Methods:  Allele-specific primers were used to genotype 223 infected and 289 randomly sampled uninfected vaccinees and 108 infected and 152 randomly sampled uninfected placebo recipients.

Results:  Among placebo recipients, there were no associations between infection risk and the IIa or IIIa genotype when each gene was analyzed separately. However, the combined IIa/IIIa HHVV genotype (5% of the population studied) was associated with a 6-fold decrease in risk of infection compared with other genotypes (p = 0.03). Among vaccinees, the HHVV genotype was associated with a 2.4-fold increase in infection risk (p = 0.04). Possessors of HHVV had a 12.8 times greater risk of infection if they were vaccinated than if they received placebo (p = 0.01). Among infected vaccinees, last pre-infection HIVMN-neutralizing titers in HHVV were not different than titers in other genotypes (p = 0.5). However, titers of vaccine-induced antibodies were higher in infected HHVV vaccinees than in uninfected HHVV vaccinees (comparing last pre-infection HIVMN-neutralizing titers in infected subjects with titers of uninfected subjects obtained after either the third [p = 0.02], fourth [p = 0.04], or fifth [p = 0.1] immunization).

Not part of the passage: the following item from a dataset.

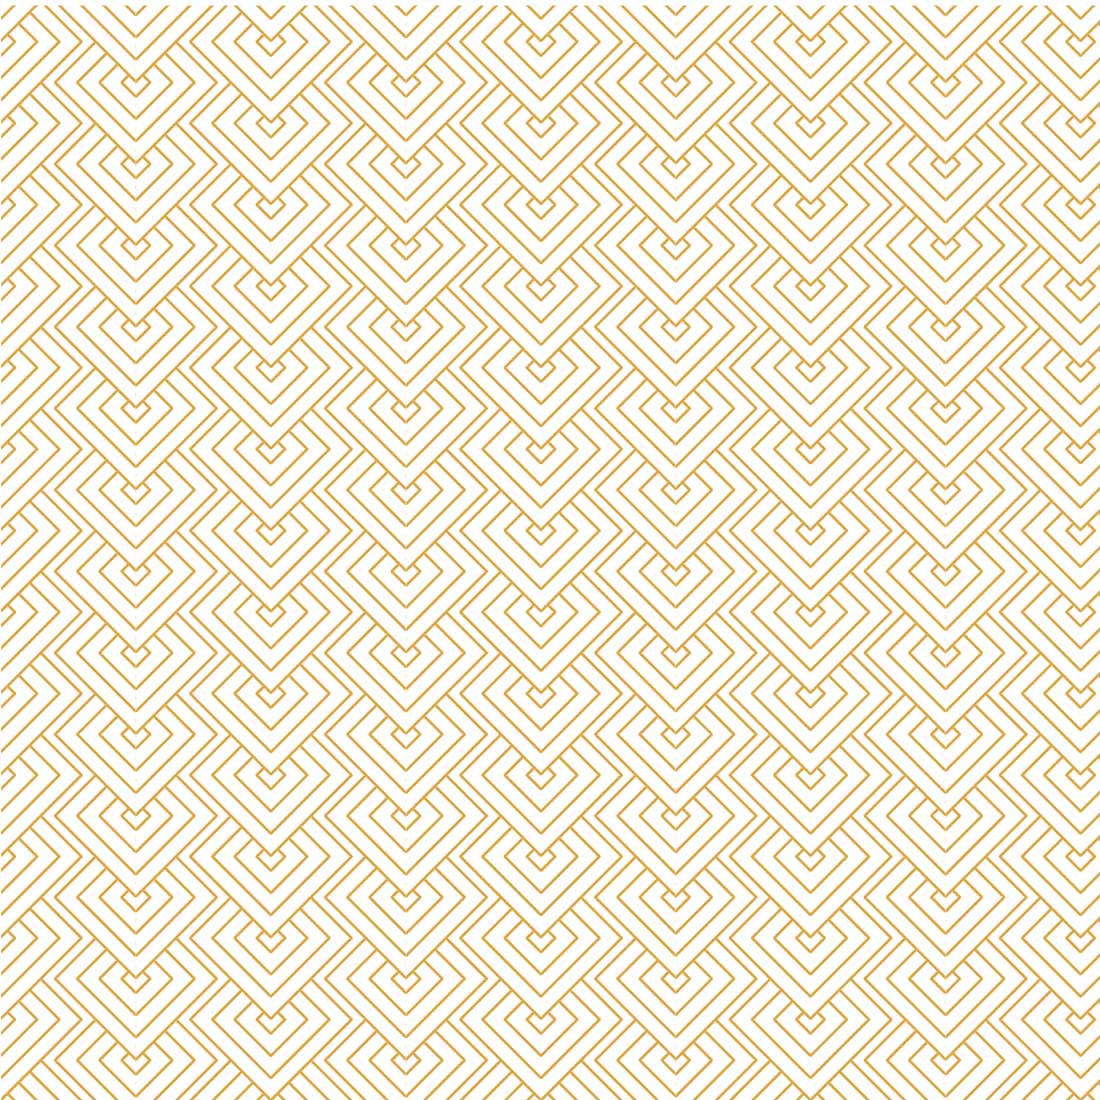 White and yellow pattern with a white background.

Conclusions:  The HHVV genotype may confer protection against sexually transmitted HIV infection in the absence of vaccine-induced antibody. However, after vaccination, individuals with the HHVV genotype are more likely to become infected than those with other genotypes. Thus, rgp120 vaccine appears to enhance the likelihood of infection among HHVV. It is known that HH and VV FcγR bind immune complexes with higher avidity than other genotypes. We found that vaccine-induced antibody titers are higher in infected HHVV vaccinees than in uninfected HHVV vaccinees. These facts support an in vivo role for vaccine-induced antibody-dependent enhancement of HIV infection involving FcγRIIa and IIIa.